According to the common demarcation value of the current process group, the ordered key sequence of each process in the current process group is divided into a first ordered key subsequence smaller than the common demarcation value, and greater than or equal to the common demarcation value The second ordered key subsequence of ;

An exchange process of ordered keyword subsequences is performed between two processes in the current process group.
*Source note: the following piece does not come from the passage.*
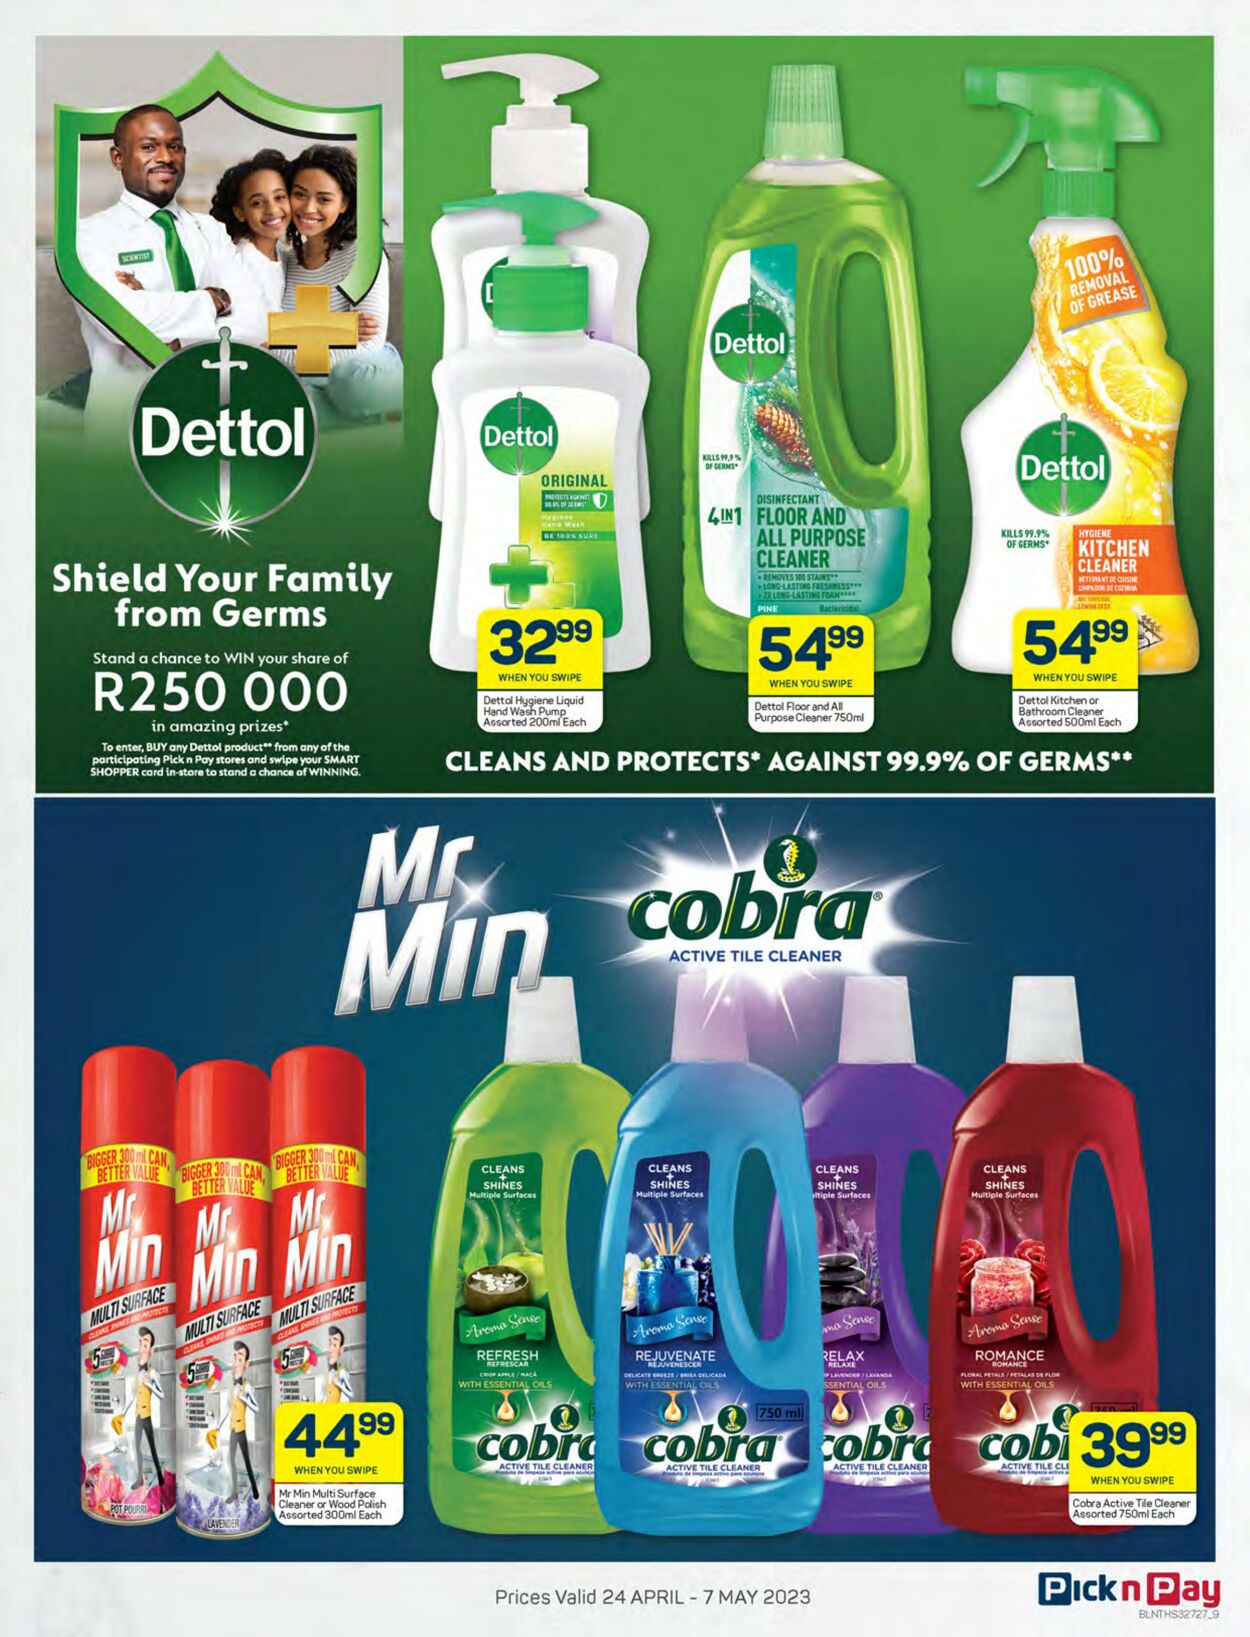 Special Pick n Pay 24.04.2023 - 07.05.2023

The exchange process includes: a process with a smaller number transfers its second ordered keyword subsequence to a process with a larger number. transfers its first ordered keyword subsequence to the process with the lower number;

Each process of the current process group merges the two ordered key subsequences of that process into one ordered key sequence.
An information processing system, comprising:

An information acquisition module, configured to acquire pending information of the current process group, wherein the current process group includes at least two different processes, and each piece of the pending information contains a key for marking or searching for the information word, all keywords of the information to be processed have been scattered and stored in each process of the current process group, and a keyword sequence is formed in each process group;

The first processing module is configured to process the keyword sequence of the process into an ordered keyword sequence if there is a process whose keyword sequence is a non-ordered keyword sequence;

The second processing module is configured to perform inter-process load adjustment processing on the current process group when load adjustment processing is required, so as to balance the load among the processes;

A calculation module, configured to calculate the common demarcation value of the current process group;

a third processing module, configured to perform keyword merge sorting processing between every two processes in the current process group according to the common demarcation value;

The storage module is configured to store the results of the keyword merging and sorting processing in each process of the current process group in a scattered manner, so that each process is scattered and stored in an ordered sequence of keywords, and any keyword on the i-th process is smaller than the i-th process. +1 for any keyword on the process; and

The control module is configured to control the calling of the information acquisition module, the first processing module, the second processing module, the calculation module, the third processing module and the storage module.
The information processing system according to claim 14, wherein the third processing module is further configured to obtain a first sub-process group and a second sub-process group according to the common demarcation value, wherein the first sub-process group is All the keywords of are less than the common demarcation value, and all the keywords in the second sub-process group are greater than the demarcation value;

The control module is further configured to call an information acquisition module, a first processing module, a second processing module, a computing module, and a third processing module when the first sub-process group or the second sub-process group includes at least two processes and a storage module, to perform information processing on the first sub-process group or the second sub-process group including at least two processes.
An electronic device includes a memory and a processor, the memory stores a computer program, and when the computer program is executed by the processor, the information processing method according to any one of claims 1 to 13 is implemented.
A storage medium, on which a computer program is stored, and when the computer program is executed by one or more processors, implements the information processing method according to any one of claims 1 to 13.